Izzy is from a working kennel and will retrieve a tennis ball to hand every time. She's a little star.
She likes to make things with bits of newspaper and cardboard in her spare time.


----------



## Briarose (Oct 9, 2007)

Aw welcome Izzy she is a beauty.


----------



## carolgavin (May 9, 2005)

Hi Izzy you are sooooo cute


----------



## cypsygal (Dec 19, 2009)

*Izzy*

Gorgeous 

We also have a dobermann who does origami !!


----------



## relay (May 9, 2005)

Oh Izzy, you are beautiful! Keep practising with the craft work :wink: 

-H


----------



## greenasthegrass (Oct 27, 2007)

aw hello Izzy you are so lovely! We have a sossy who likes to decorate skirting boards she does the stripping bit but then forgets the varnish! 

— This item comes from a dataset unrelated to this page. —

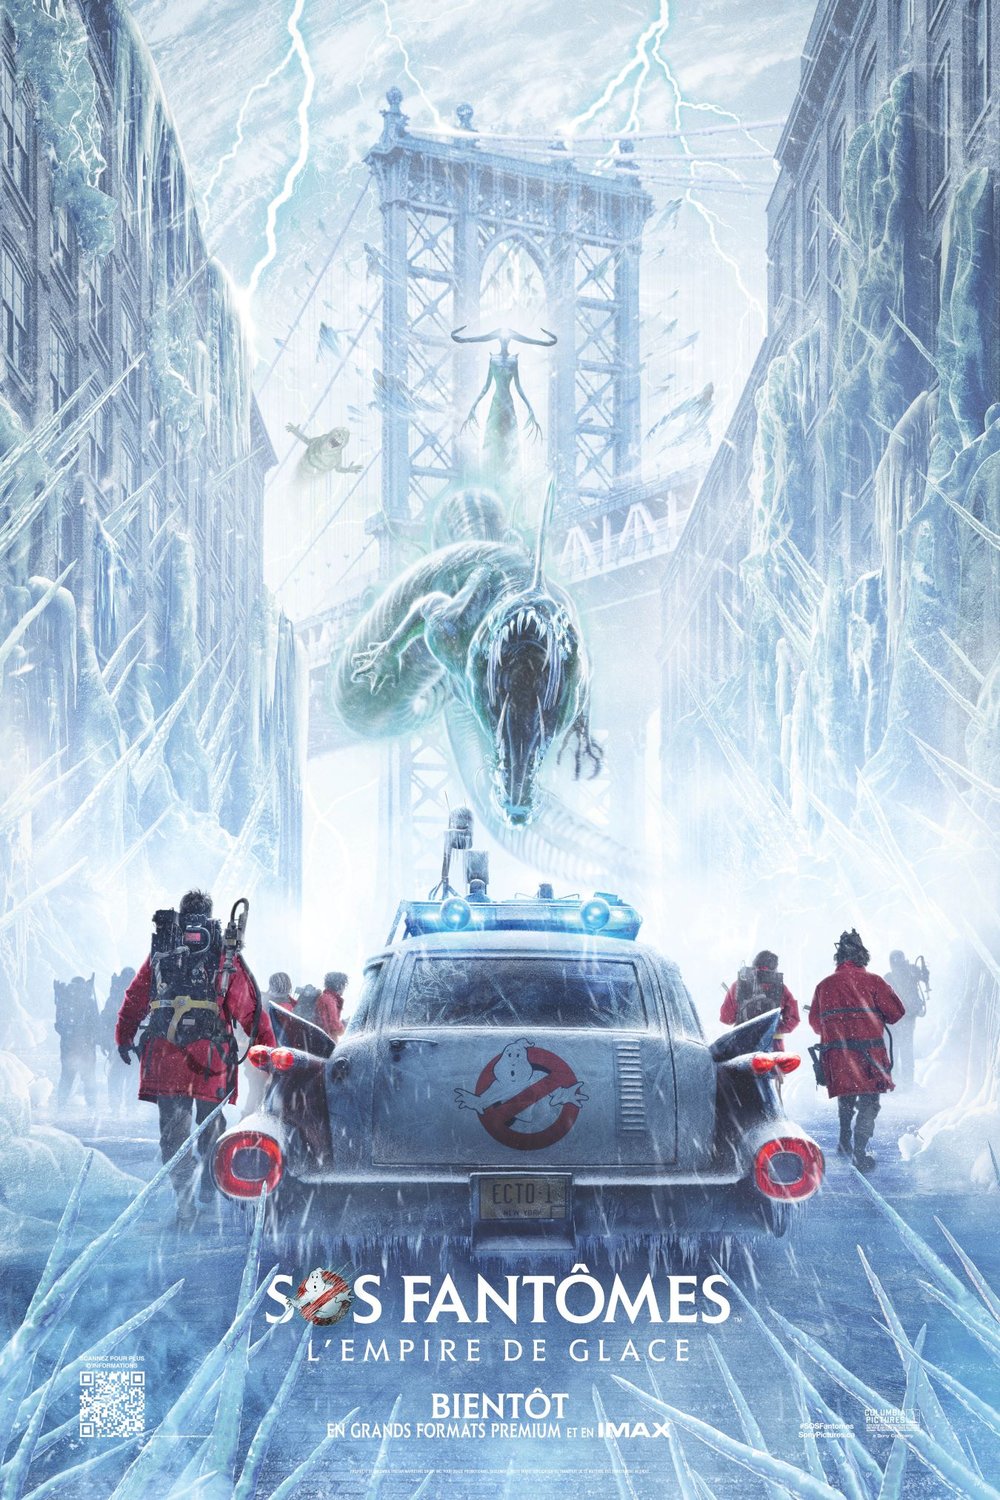 L'affiche du film SOS Fantômes: L'empire de glace

Actually she's not done it lately she has moved on to the magazine holder - well it got in her way - we think!

More pics please.

Greenie :lol:


----------



## wakk44 (Jun 15, 2006)

*Izzy*

Welcome Izzy  
I see she has perfected that " butter wouldn't melt in my mouth " look already :lol:


----------



## patnles (Oct 26, 2006)

Izzy says thankyou for all the nice comments  
I'm finding having a pup a bit less relaxing than having an old dog :lol: but Izzy does make me laugh with her antics. It's difficult to get decent photos of her as she's usually too busy. 
Lesley


----------



## patnles (Oct 26, 2006)

Izzy is 20 weeks old now and growing fast. Here she is practising her sit/stay. 









Sitting is easy, staying is not   
Lesley


----------



## Walmer (Mar 4, 2006)

She is just beautiful!!! 

Hilary


----------



## Walmer (Mar 4, 2006)

She is just beautiful!!! 

Hilary


----------